**Task instructions:** Reproduce the data in full, exactly as given, leaving images out.

**Data section:**
= Beginning of Section =
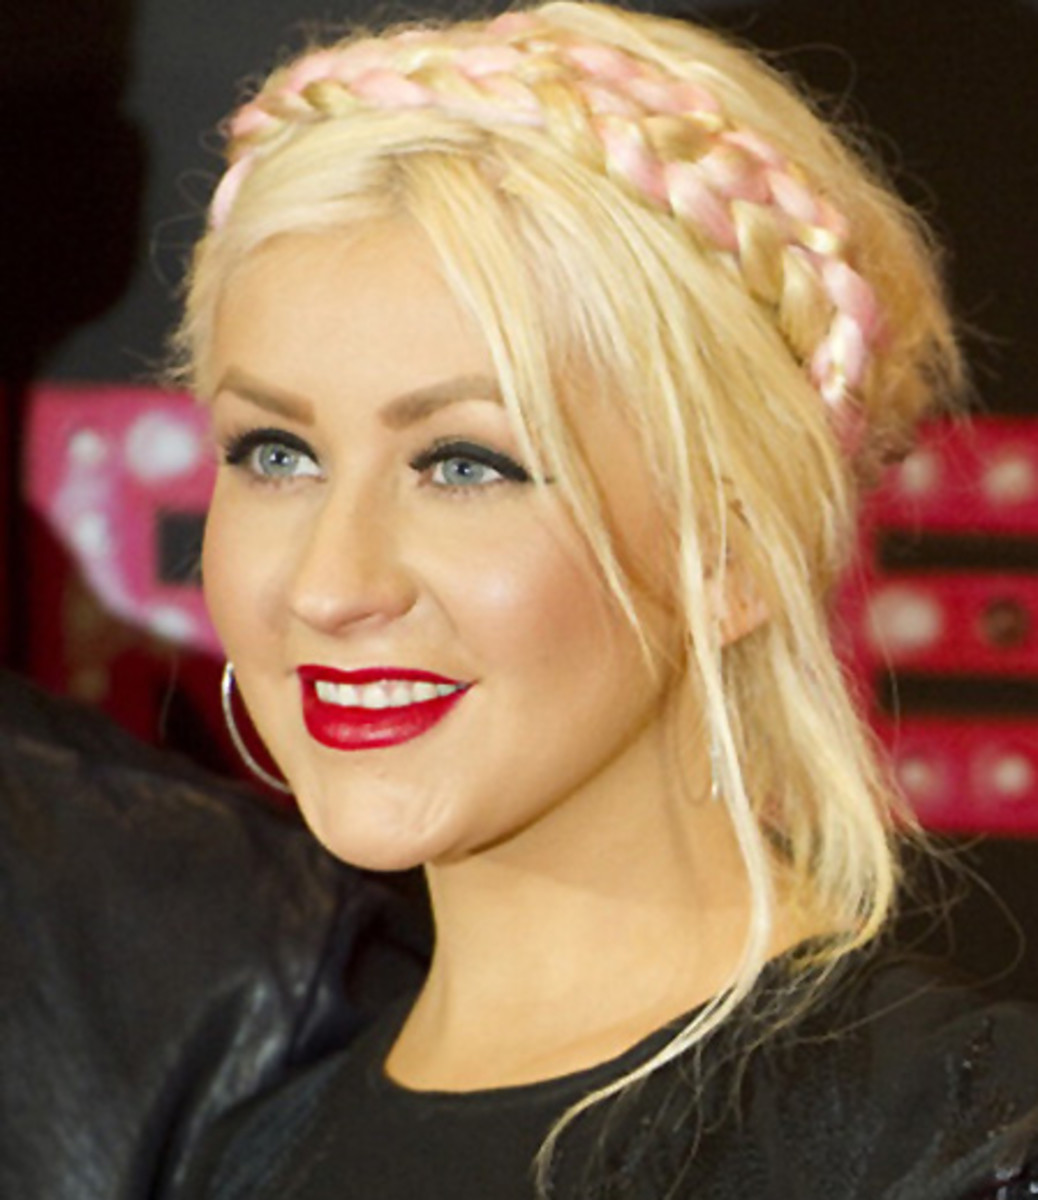 US actress and singer Christina Aguilera
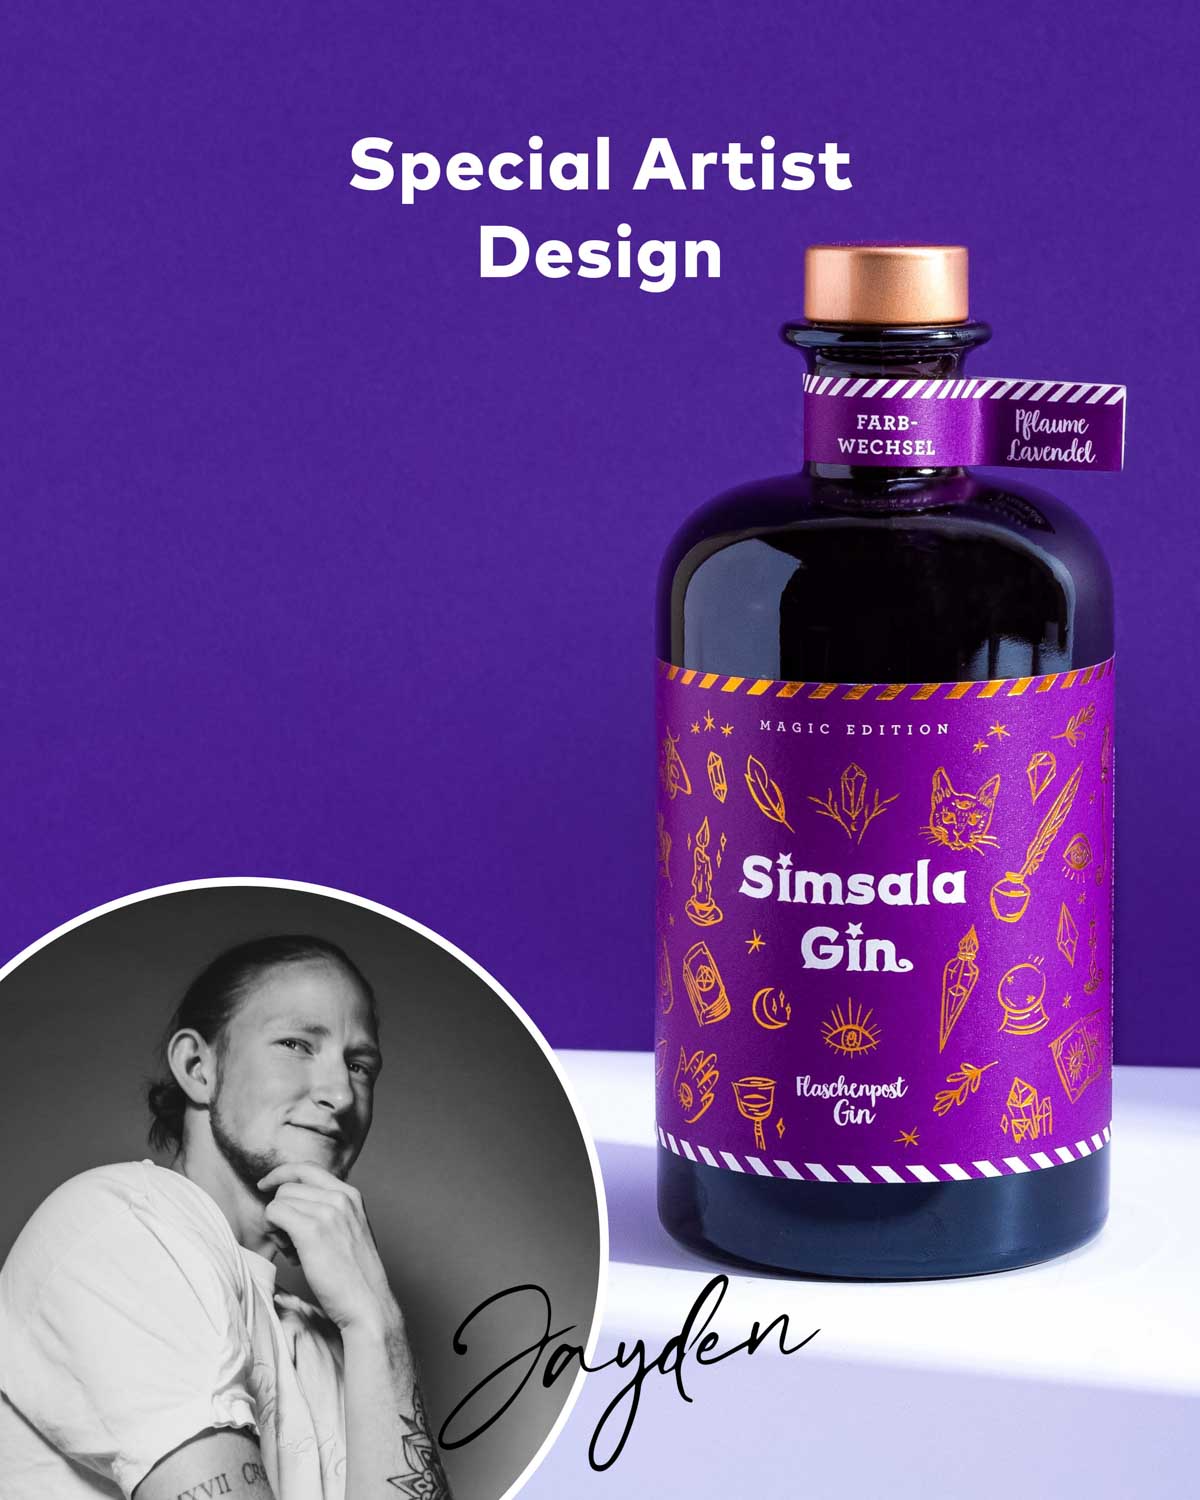 Unser Designer Jayden hat besonders viel herzblut in das Design der neuen Simsala Gin Limited Edition mit Glitzer von Flaschenpost Gin gesteckt für ein magisches Kunstwerk als Ergebnis. | Die Flasche verzaubert mit dunklem Label und goldenen Designelementen.
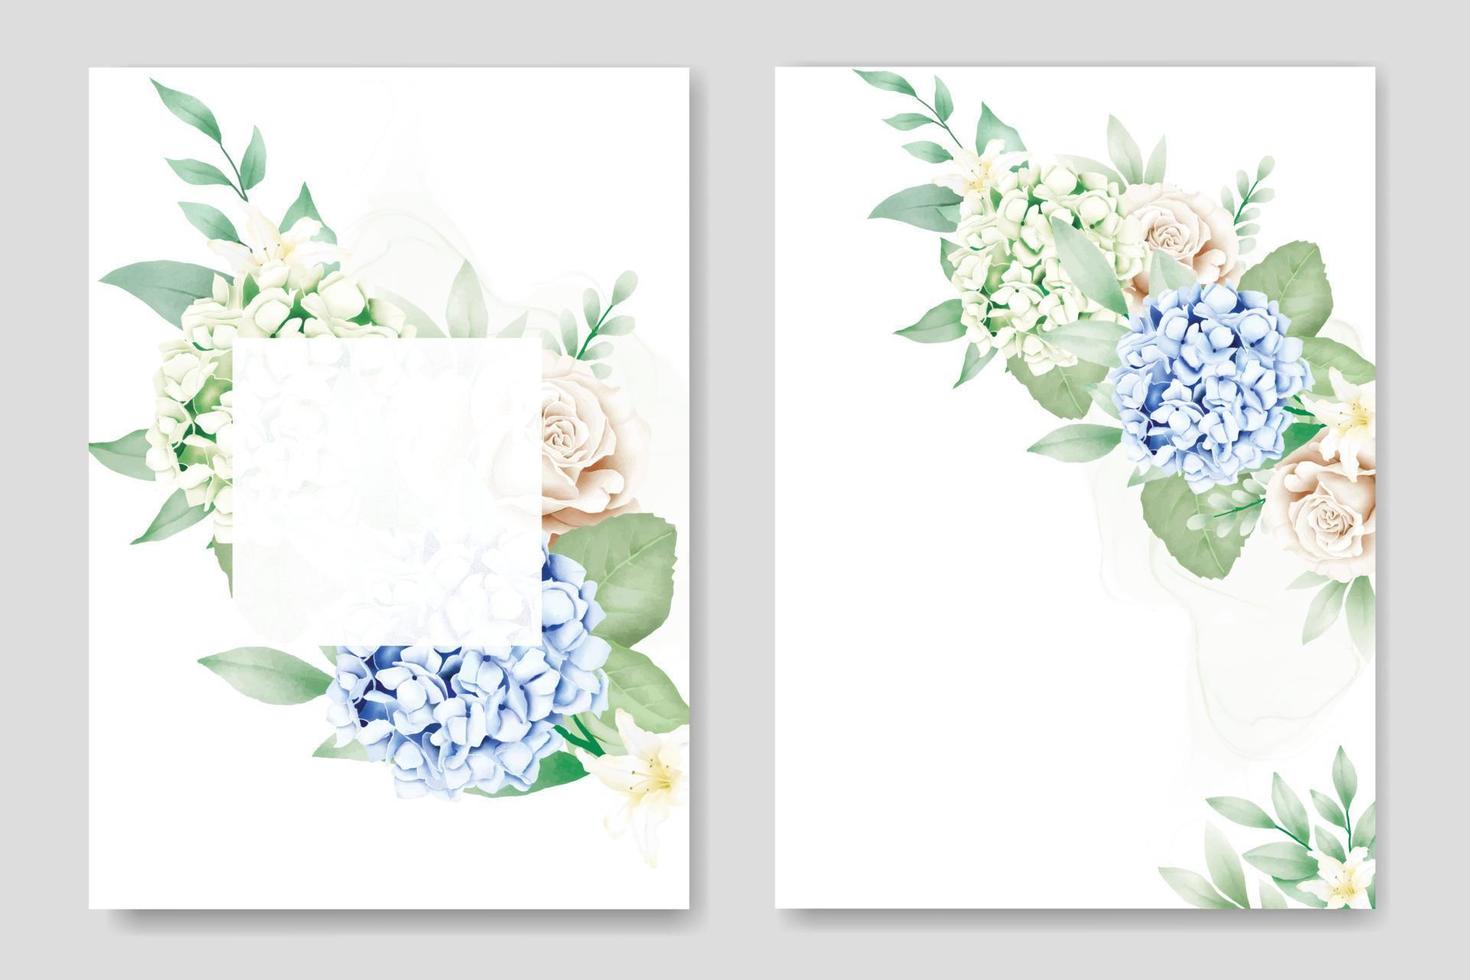 tarjeta de invitación de boda floral hermosa hortensia vector
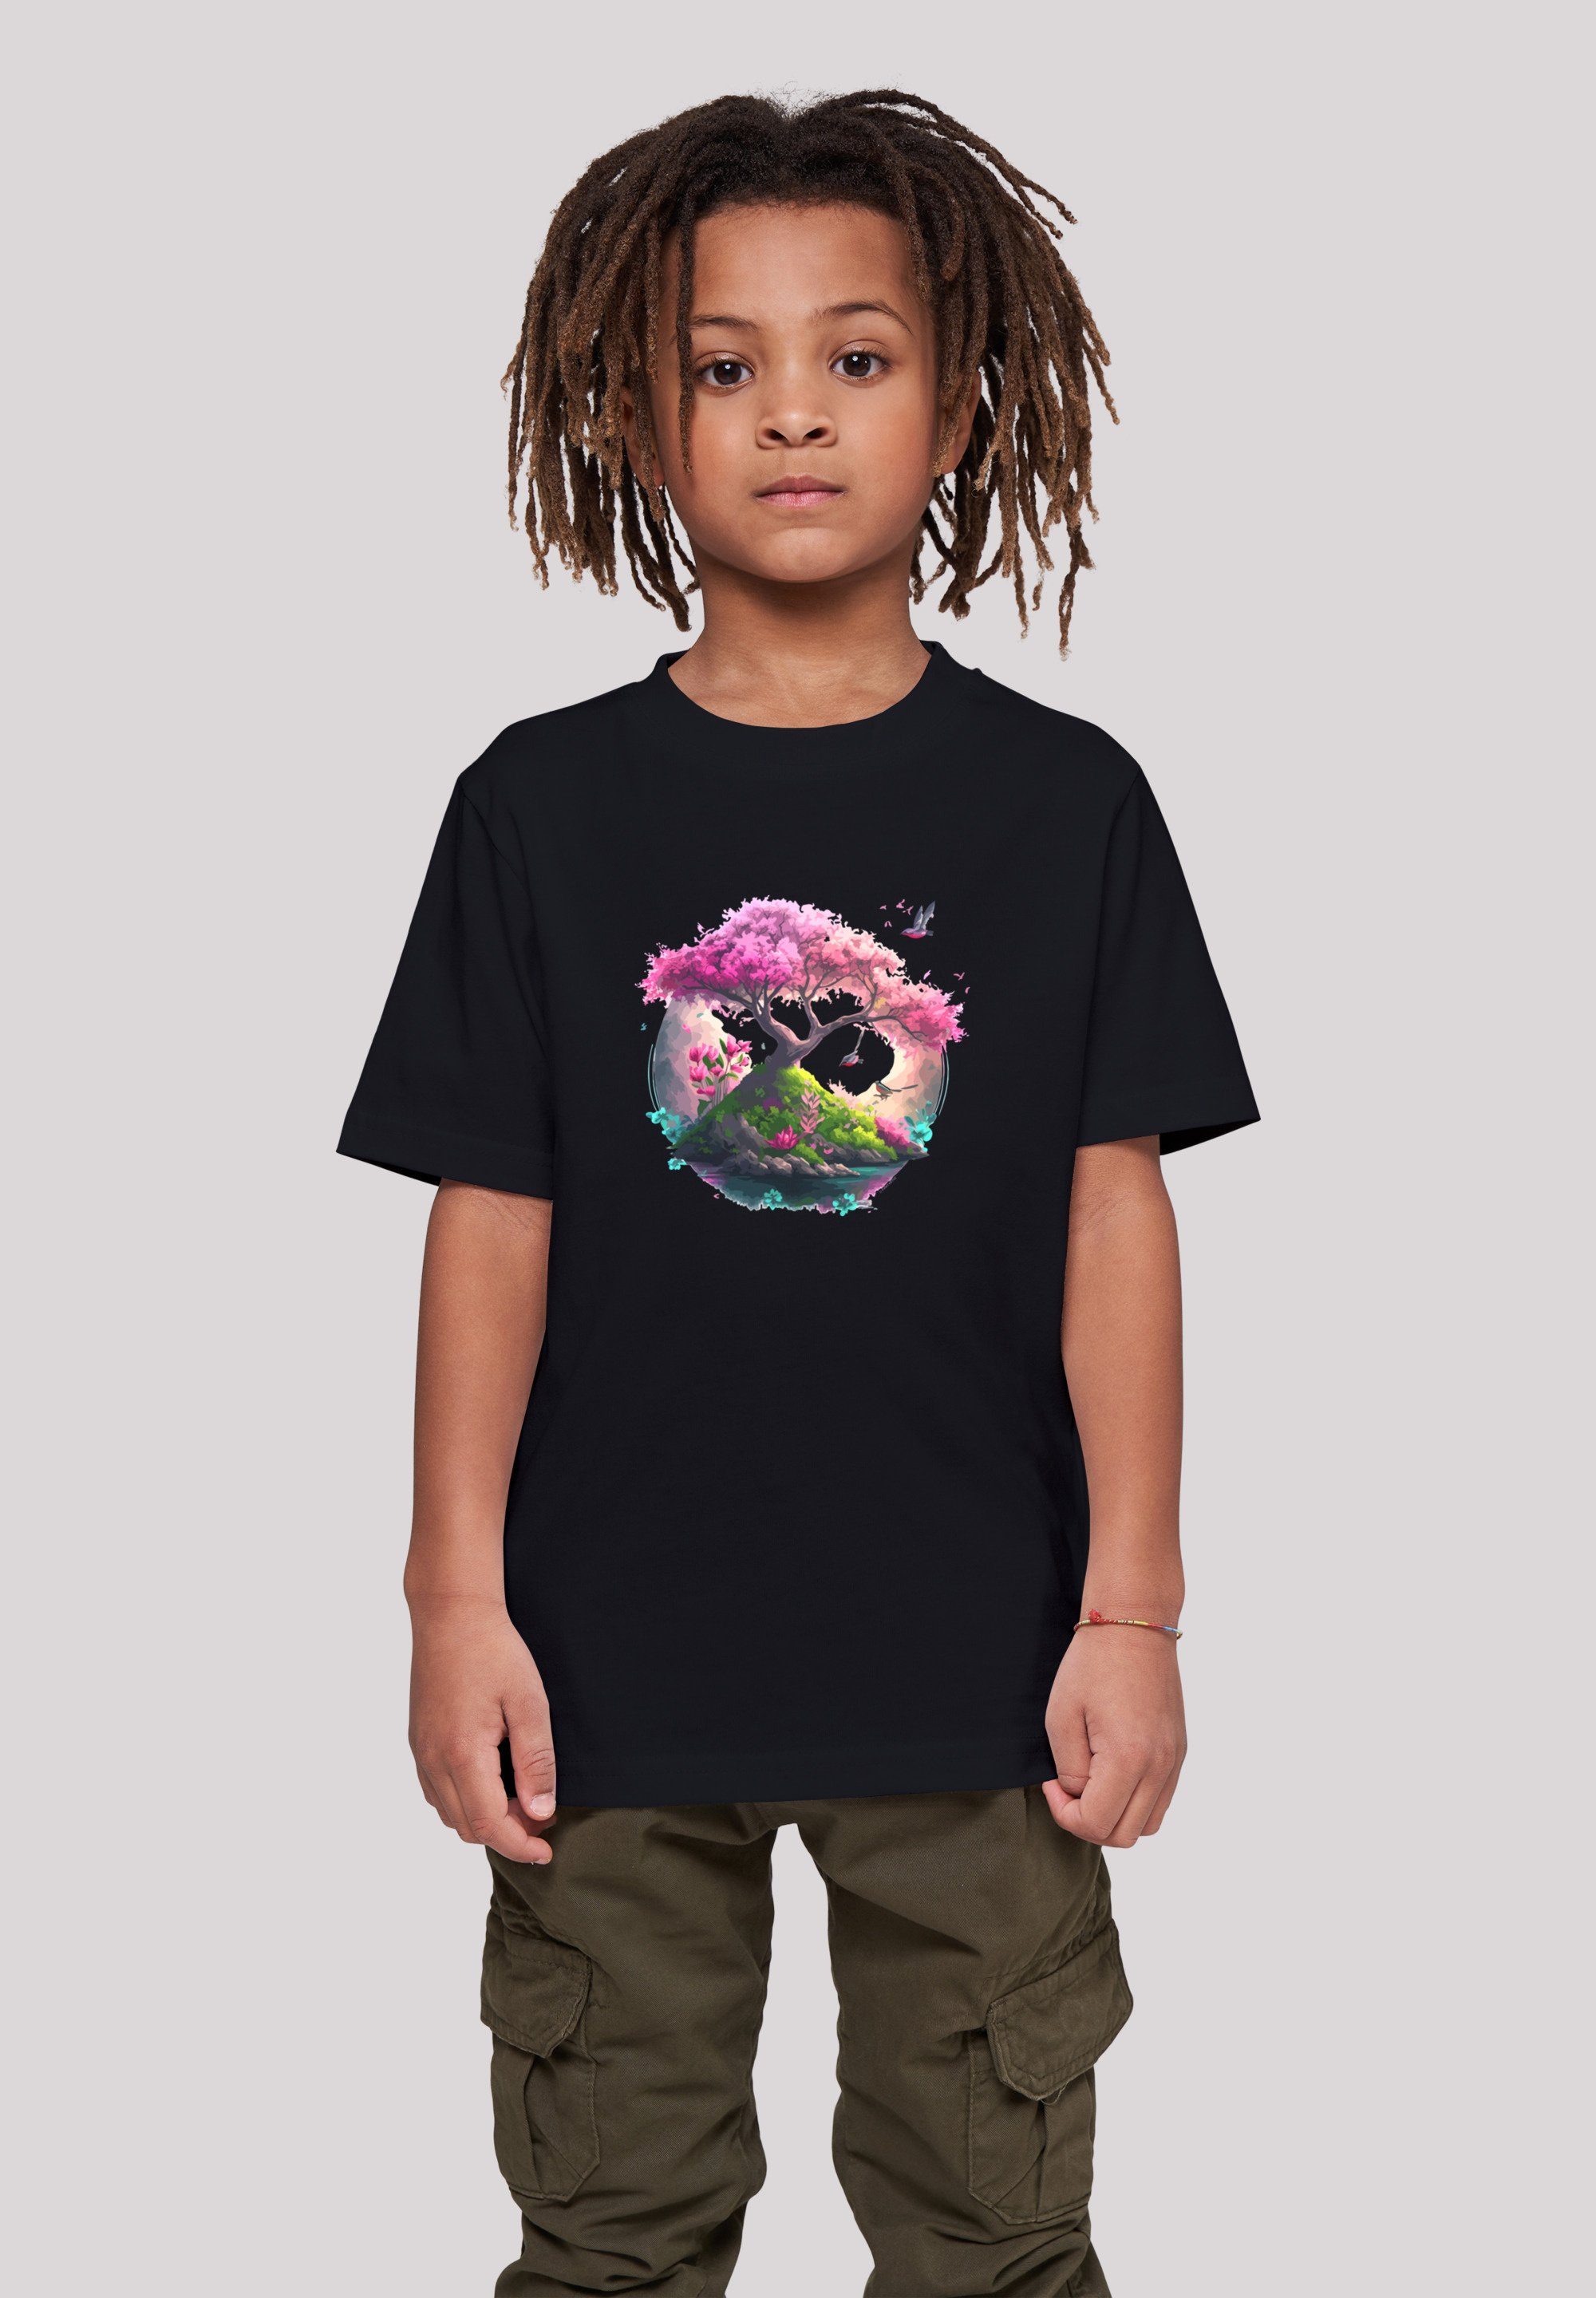 F4NT4STIC T-Shirt Kirschblüten Baum Tee Unisex Print schwarz
= End of Section =
**Output:**
 US actress and singer Christina Aguilera
 Unser Designer Jayden hat besonders viel herzblut in das Design der neuen Simsala Gin Limited Edition mit Glitzer von Flaschenpost Gin gesteckt für ein magisches Kunstwerk als Ergebnis. | Die Flasche verzaubert mit dunklem Label und goldenen Designelementen.
 tarjeta de invitación de boda floral hermosa hortensia vector
 F4NT4STIC T-Shirt Kirschblüten Baum Tee Unisex Print schwarz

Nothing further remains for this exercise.